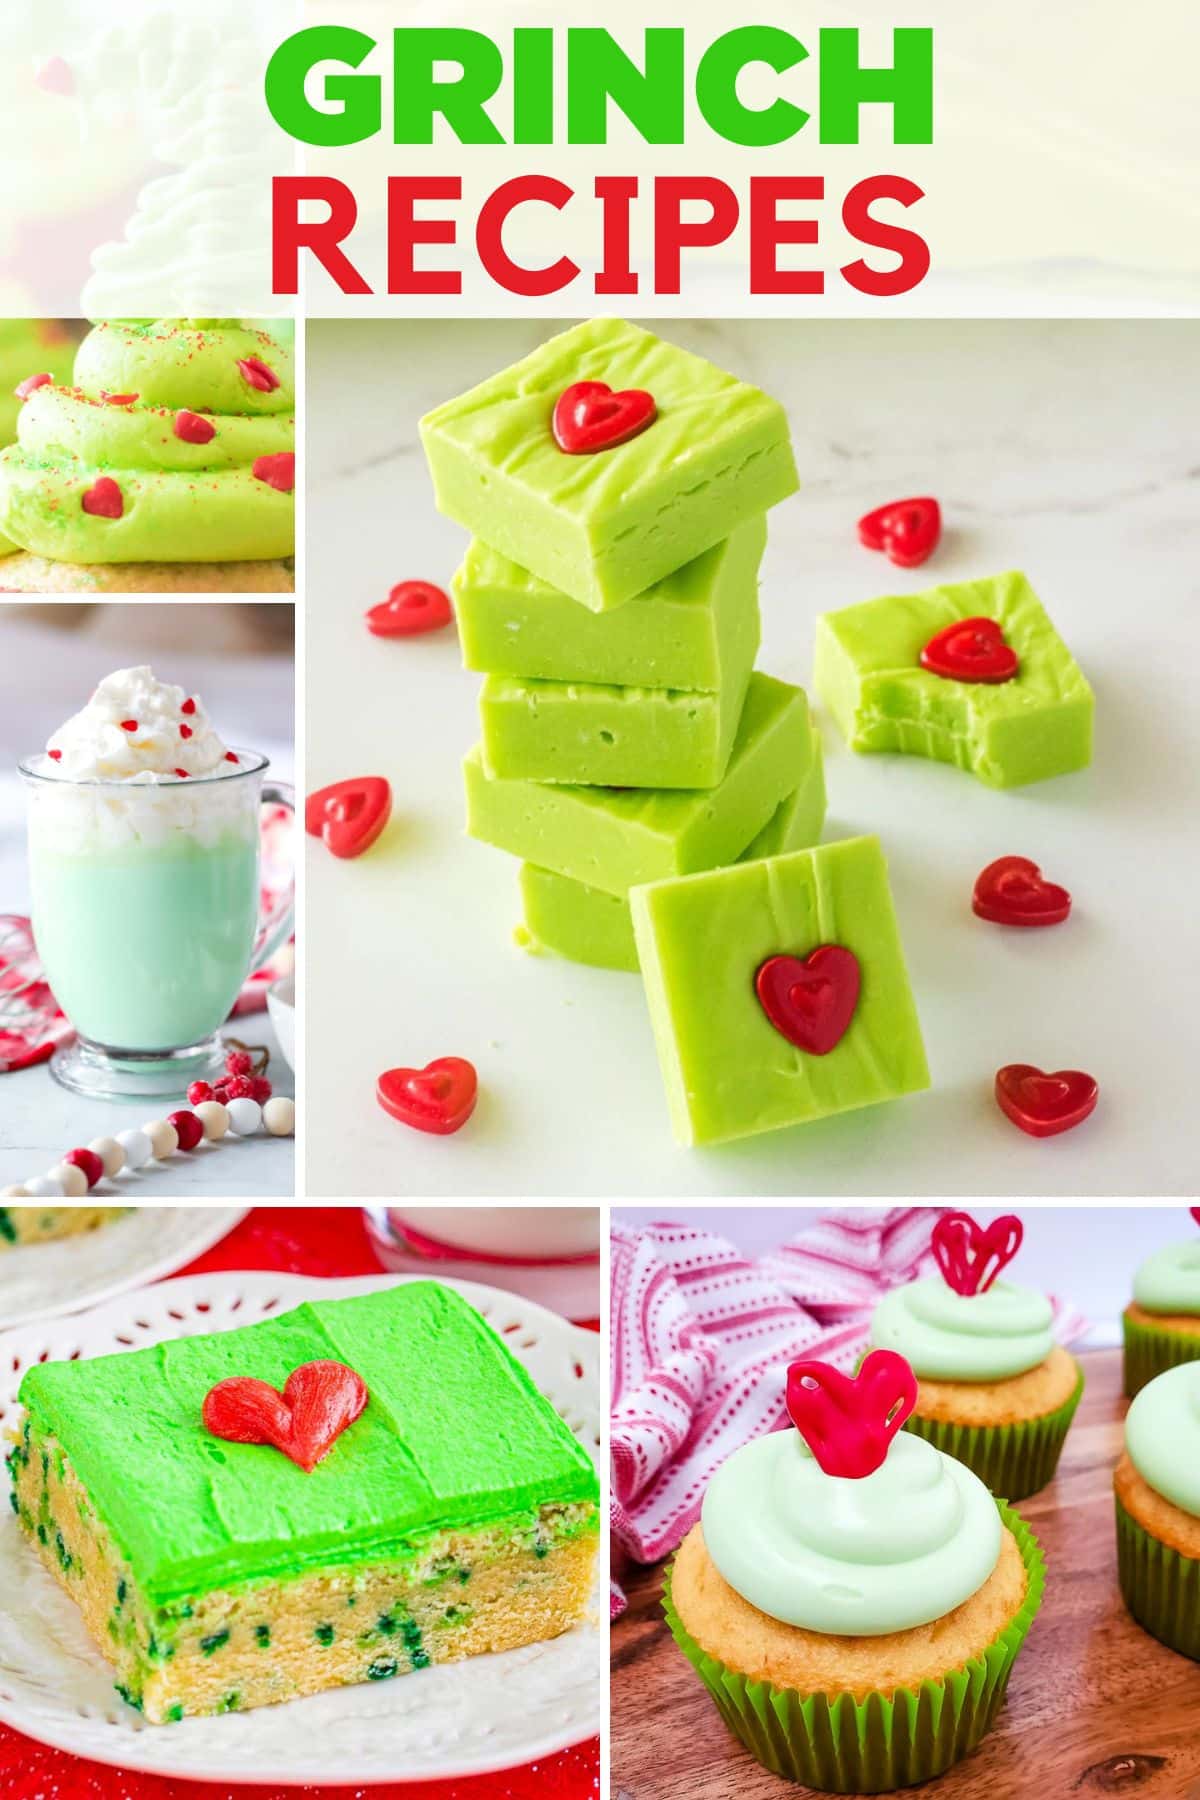 20 Amazing Grinch Desserts. We love sweet treats at holiday parties and Grinch desserts add so much color and are a fun treat to celebrate the holiday season.
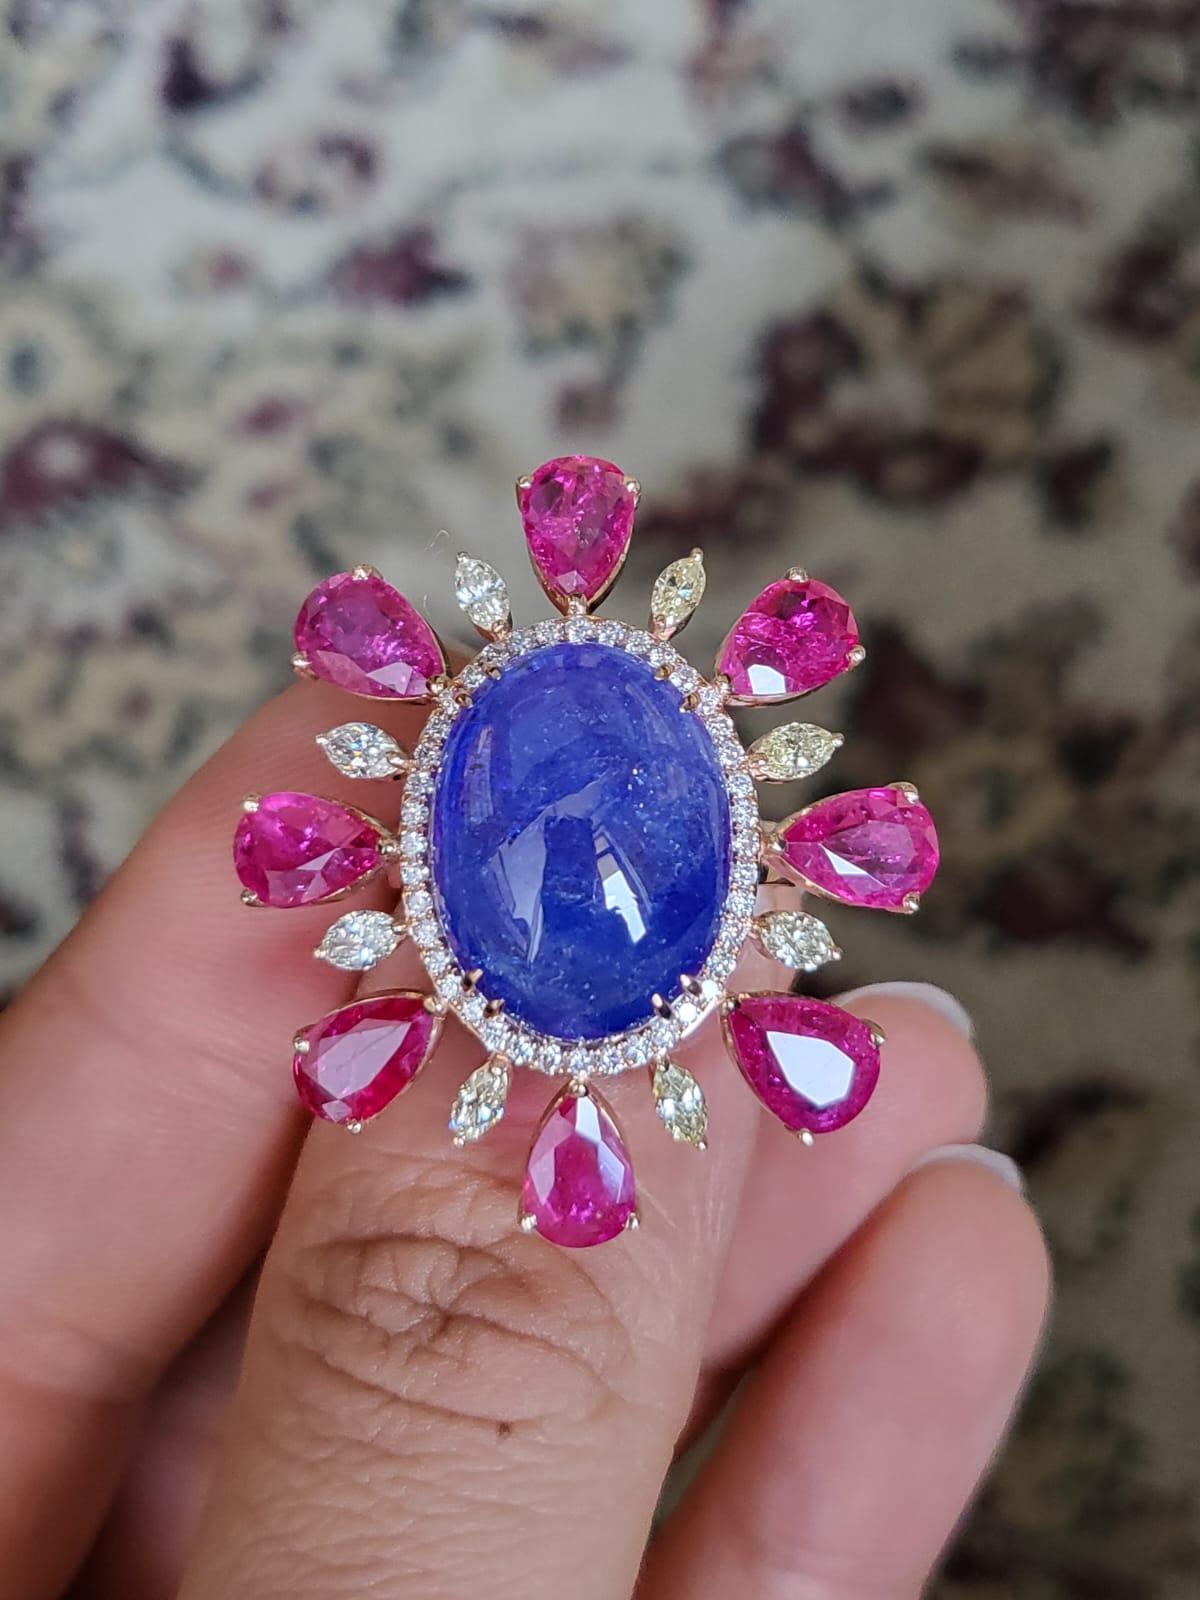 A very gorgeous, one of a kind and modern, Tanzanite & Ruby Cocktail Ring set in 18K Rose Gold & Diamonds. The weight of the Tanzanite Cabochon is 15.48 carats. The Tanzanite is responsibly sourced from Tanzania. The weigh of the pear shaped Rubies
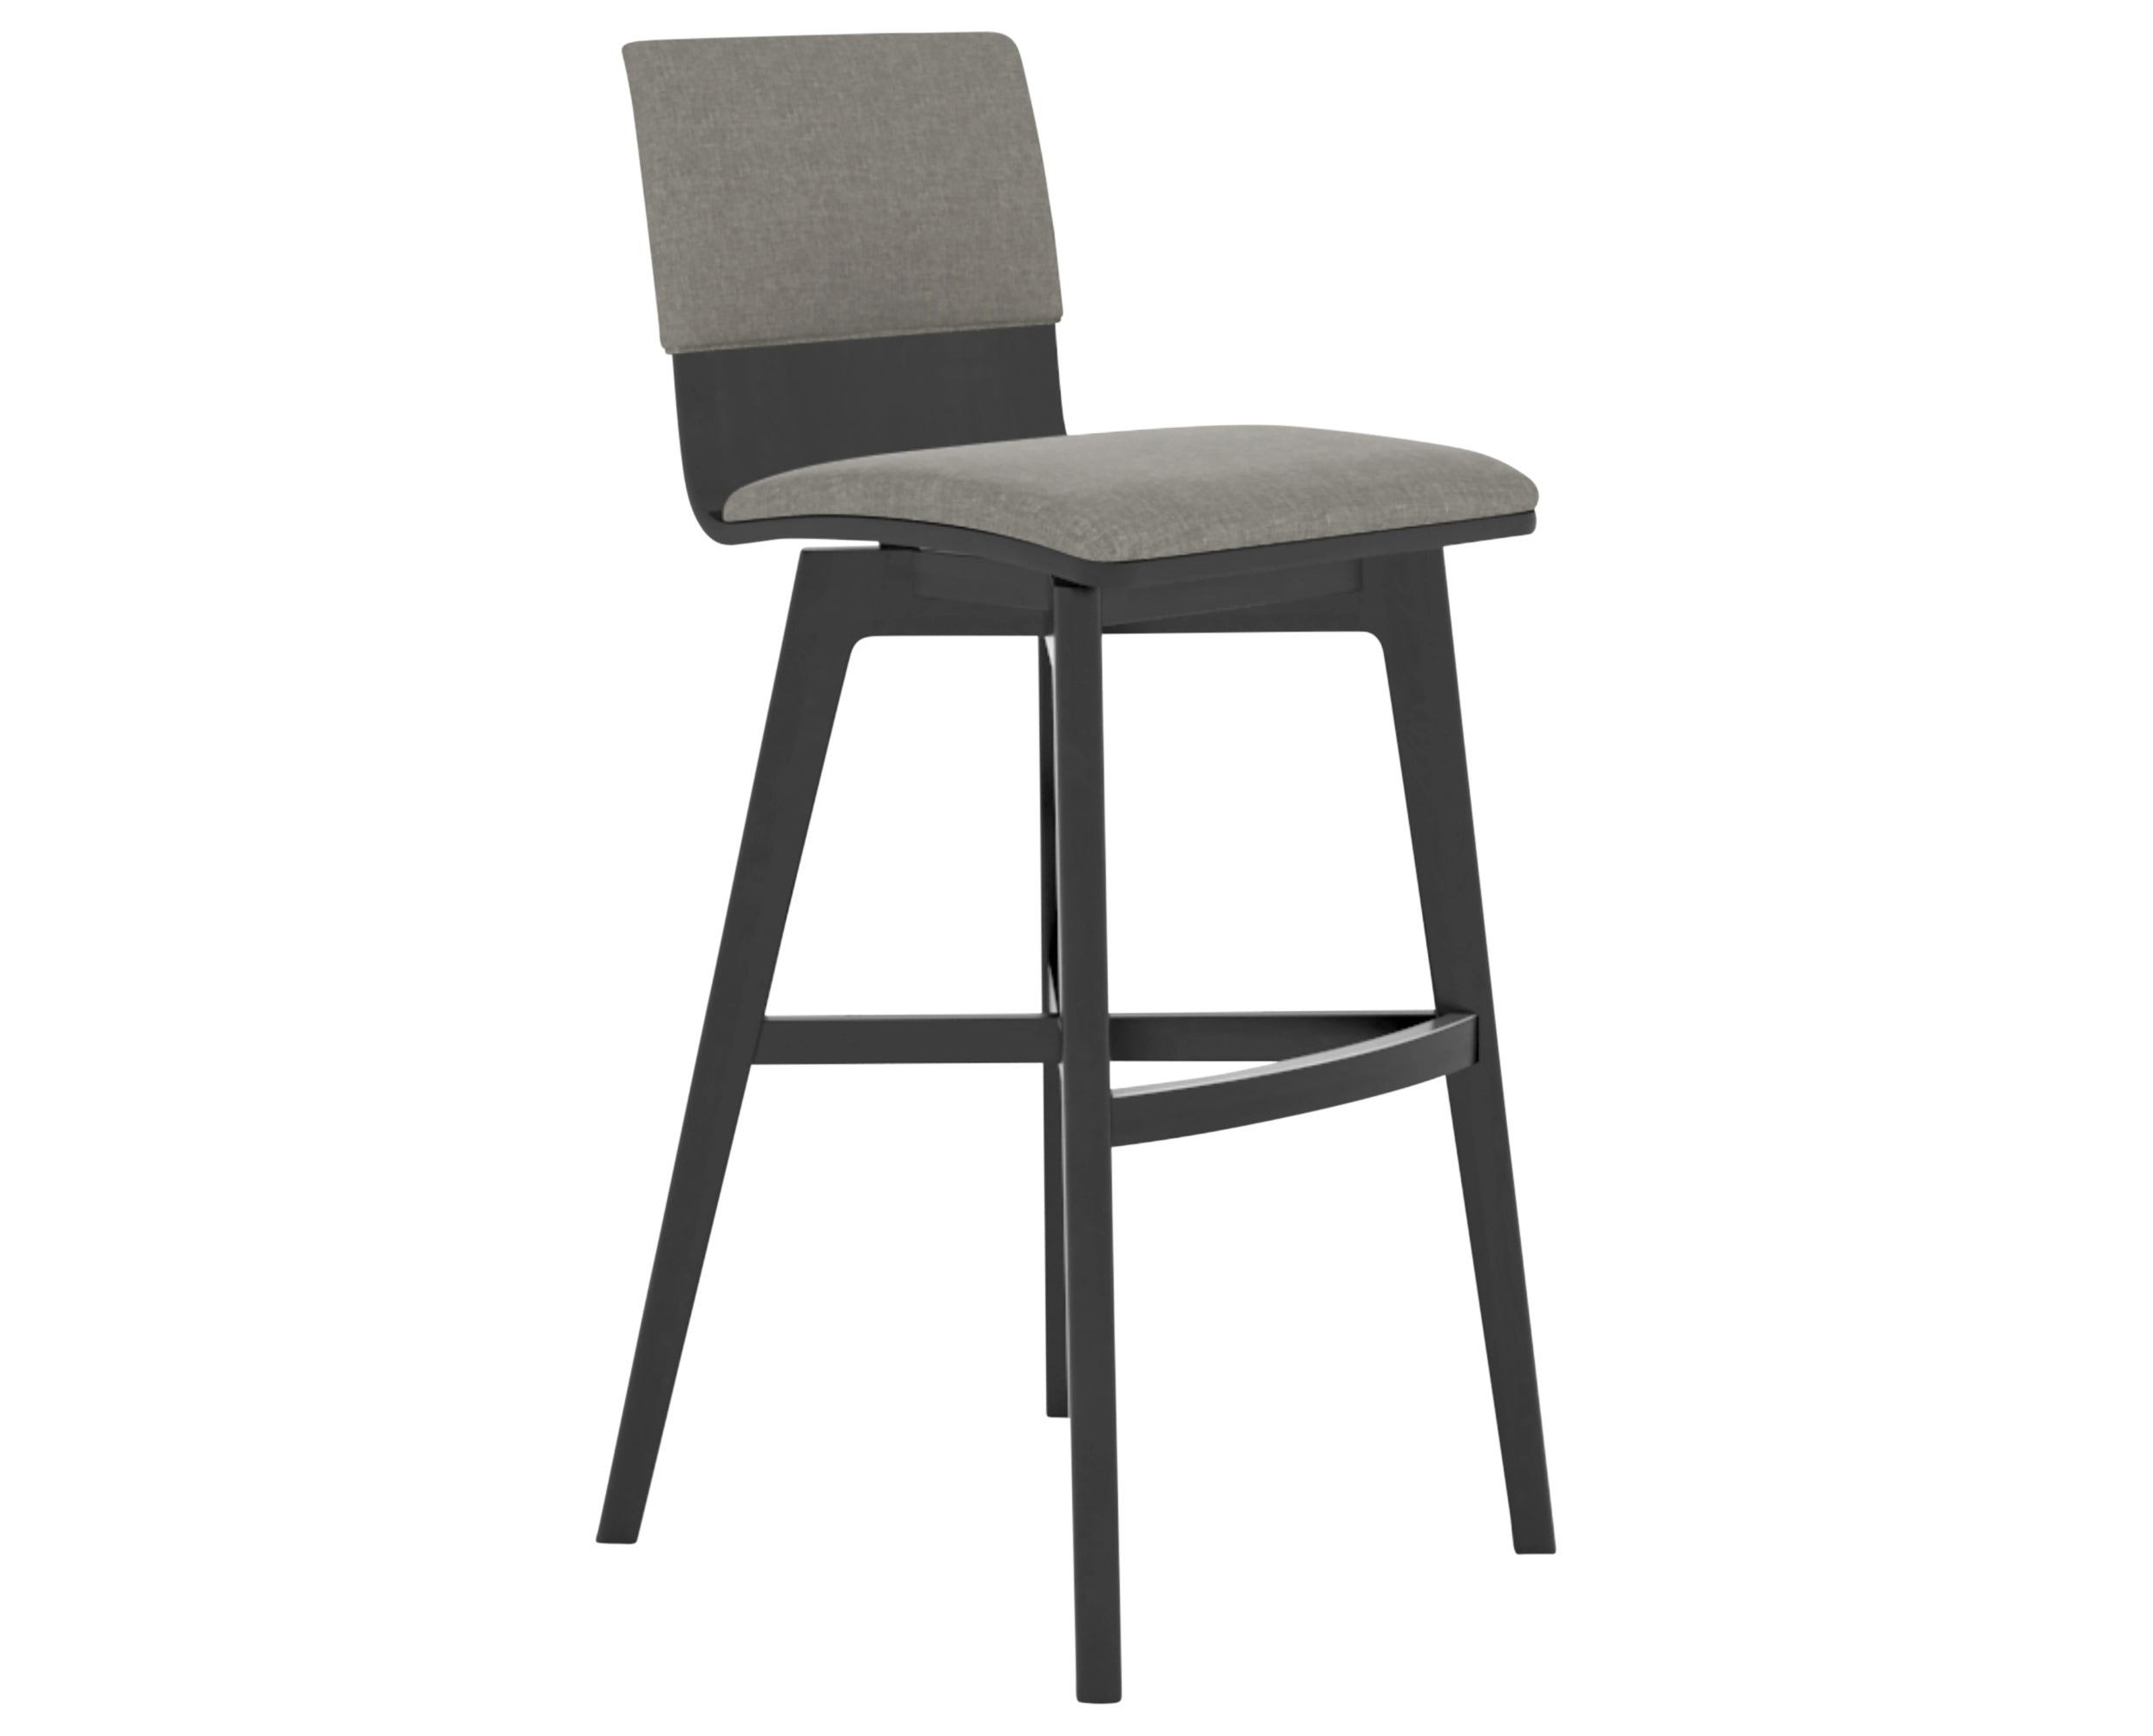 Bar Height | Canadel Downtown Counter Stool 8142 | Valley Ridge Furniture

ACTION ITEM = Return the listing above word for word, with the pictures removed.

ANSWER SECTION =
 20 Amazing Grinch Desserts. We love sweet treats at holiday parties and Grinch desserts add so much color and are a fun treat to celebrate the holiday season.
 A very gorgeous, one of a kind and modern, Tanzanite & Ruby Cocktail Ring set in 18K Rose Gold & Diamonds. The weight of the Tanzanite Cabochon is 15.48 carats. The Tanzanite is responsibly sourced from Tanzania. The weigh of the pear shaped Rubies
 Bar Height | Canadel Downtown Counter Stool 8142 | Valley Ridge Furniture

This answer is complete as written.